» **What this task involves**
Would you please repeat exactly the entries below, starting at the line with "Female national anthem" and ending at the line with "Red Smock Dress | Just A Tina Bit", and nothing outside that range? Leave out the pictures.

» **Supplied information**
⟨
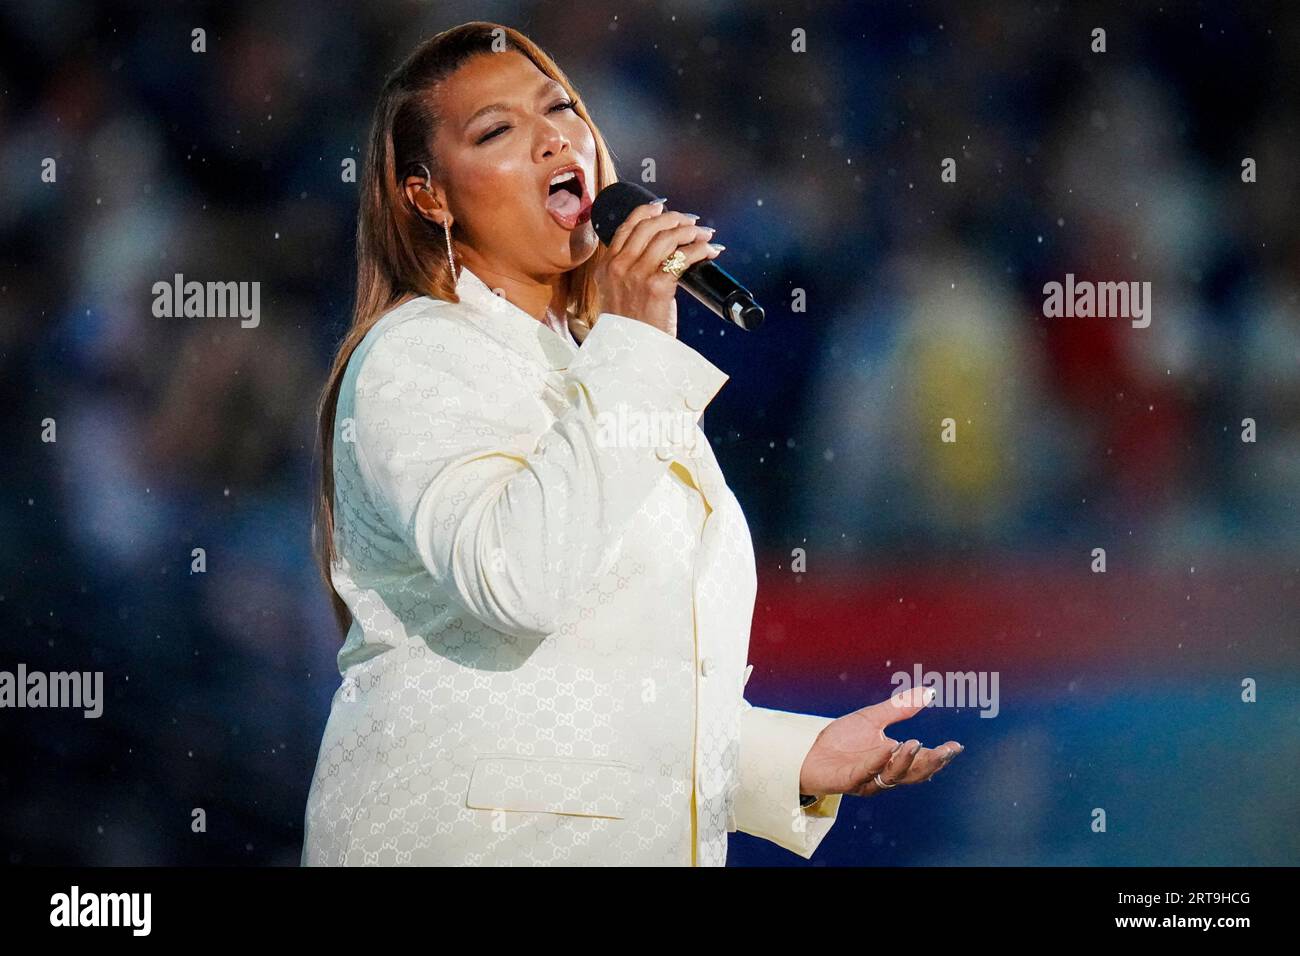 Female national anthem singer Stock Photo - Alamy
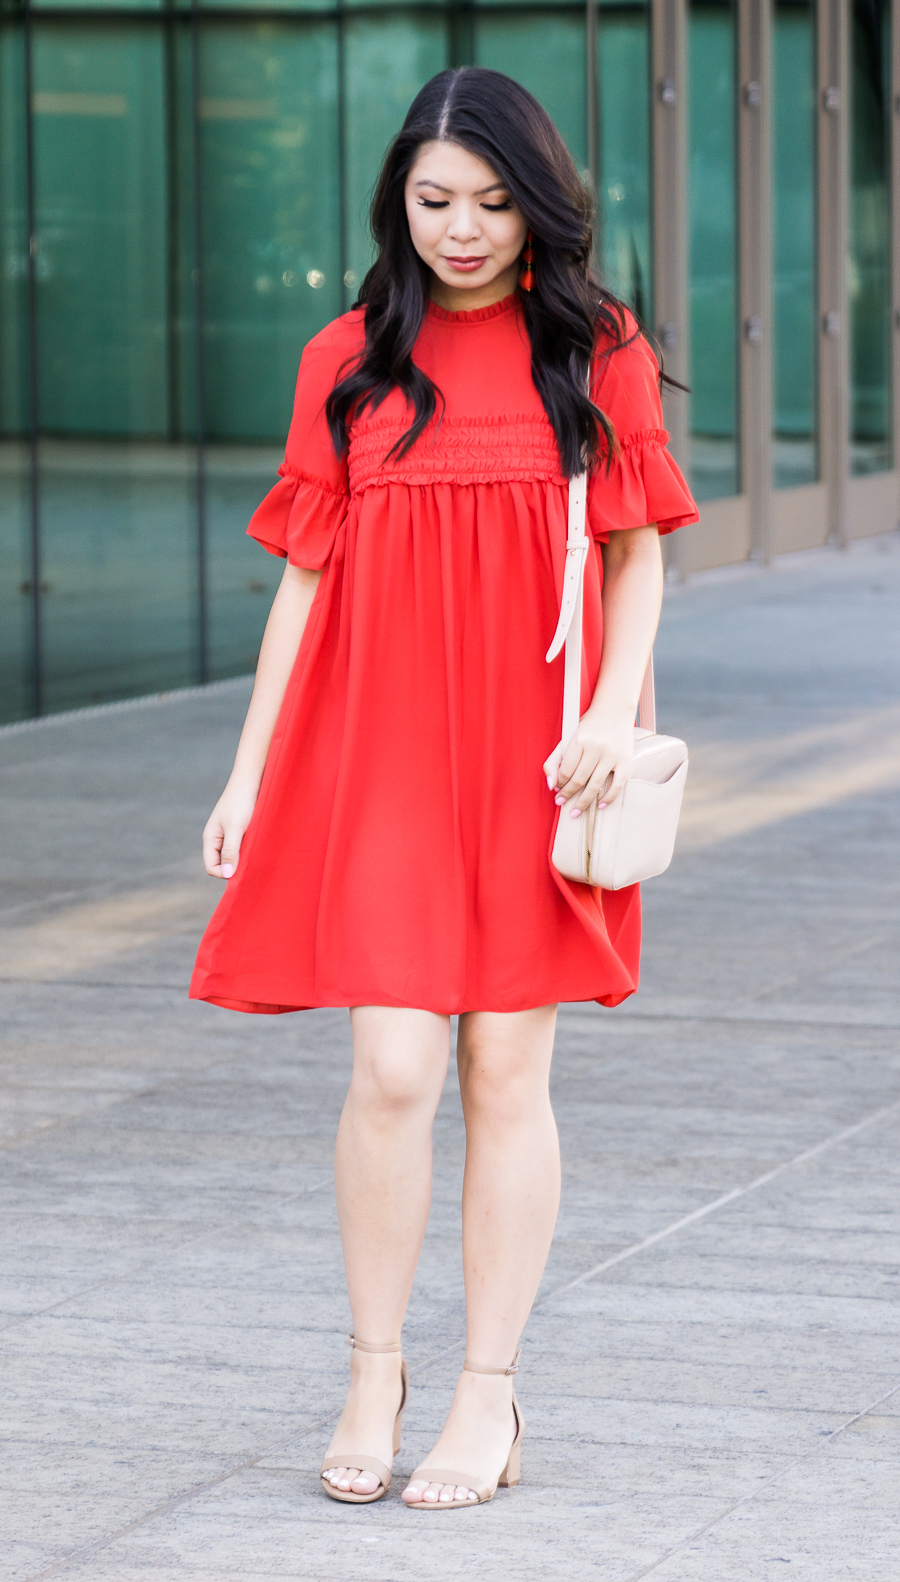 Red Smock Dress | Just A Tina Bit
⟩
⟨
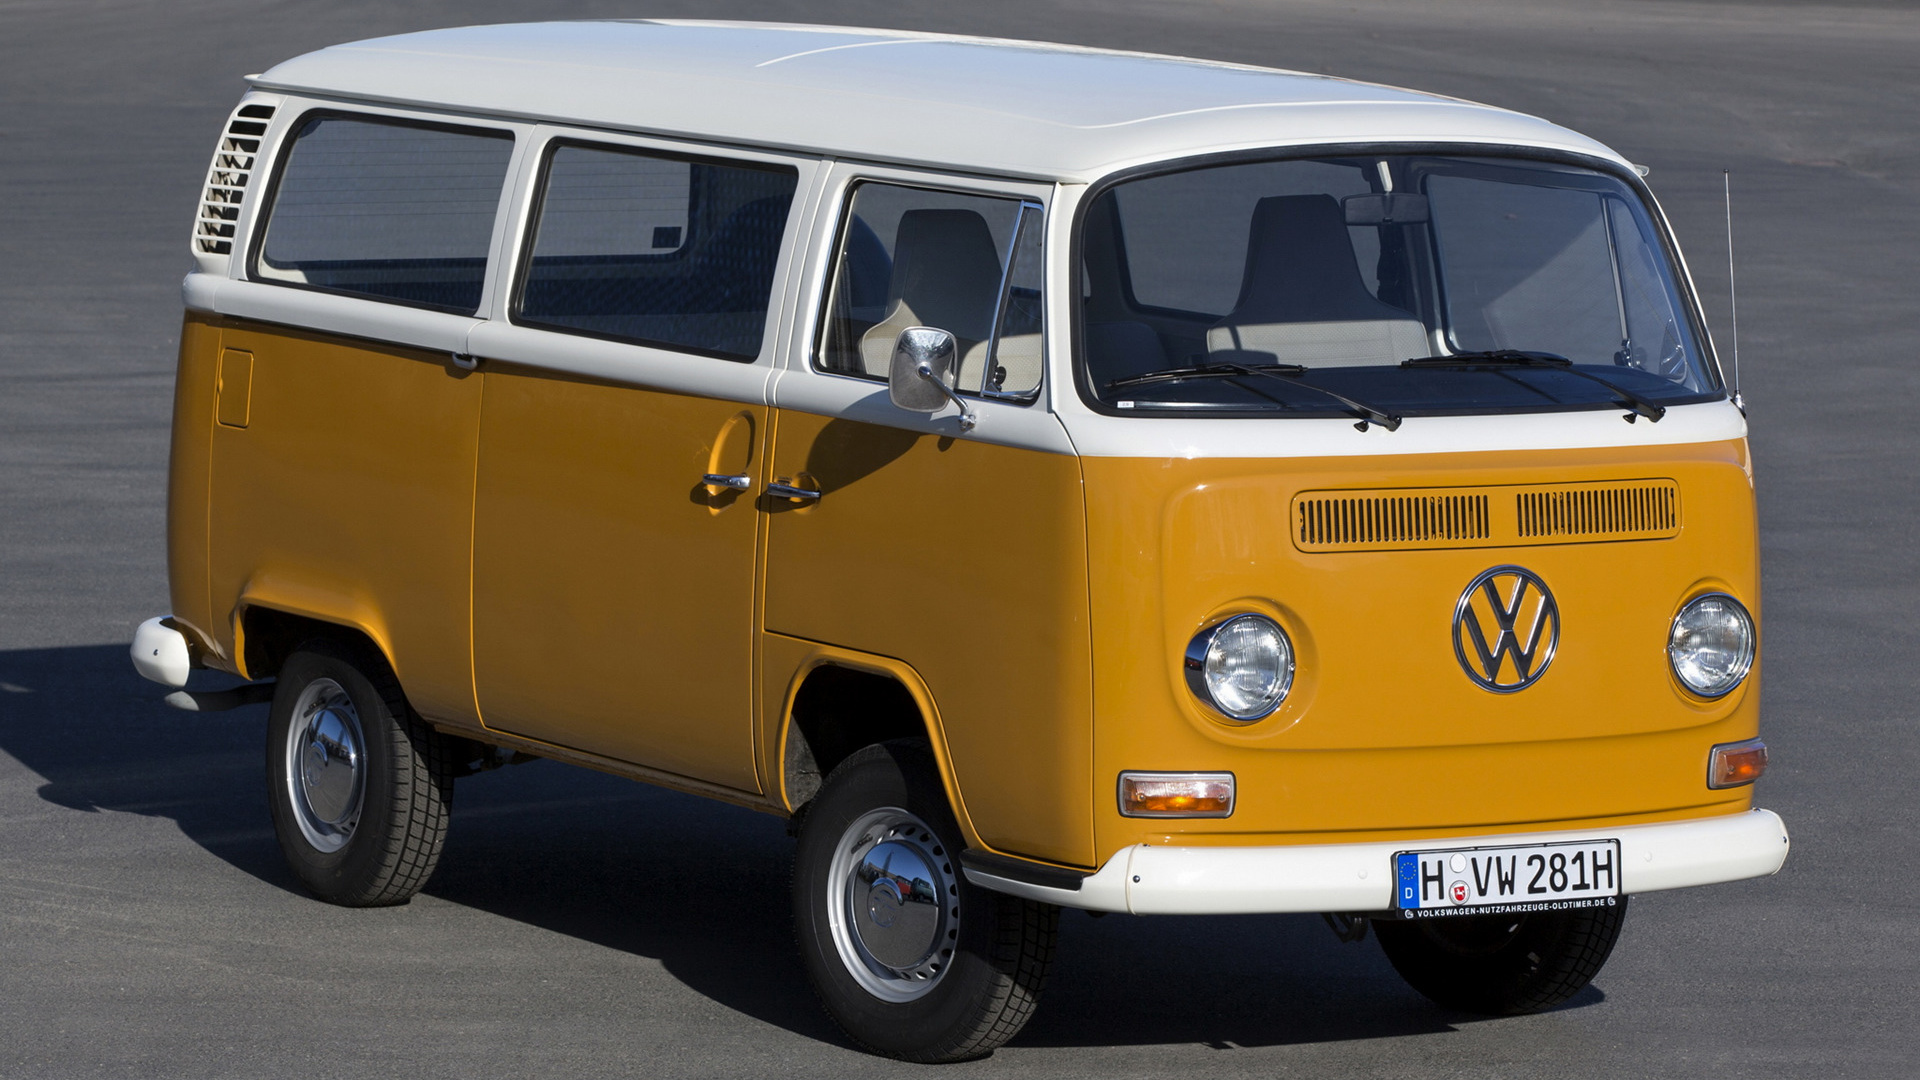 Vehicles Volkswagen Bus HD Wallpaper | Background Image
⟩
⟨
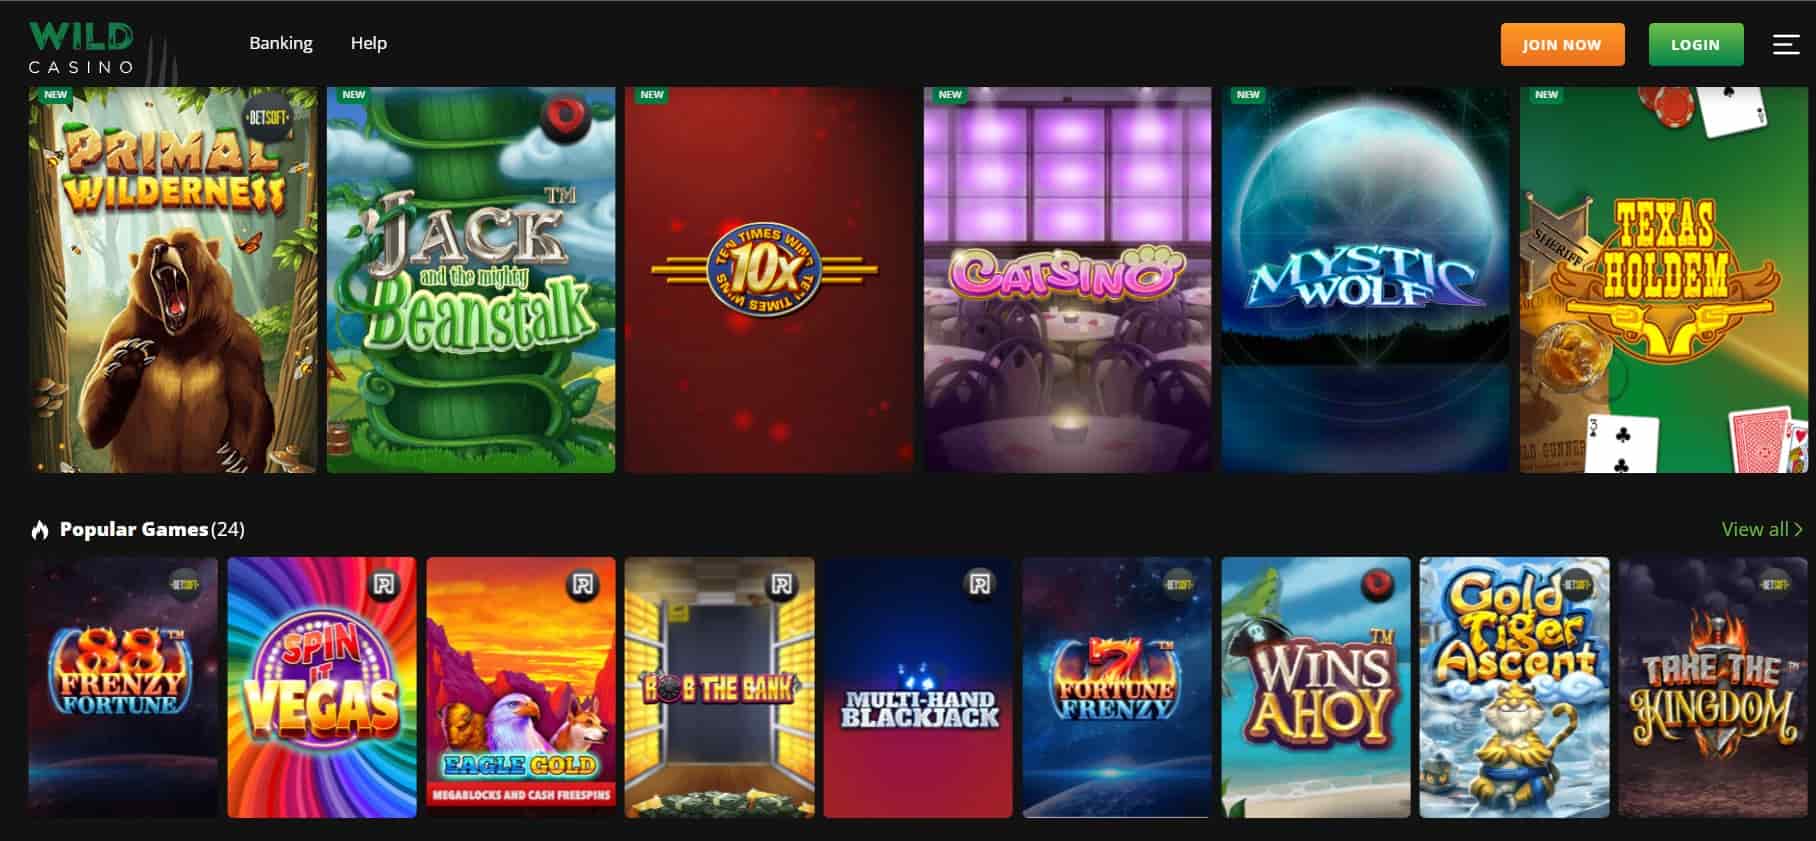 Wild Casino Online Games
⟩
» **The completed task**
 Female national anthem singer Stock Photo - Alamy
 Red Smock Dress | Just A Tina Bit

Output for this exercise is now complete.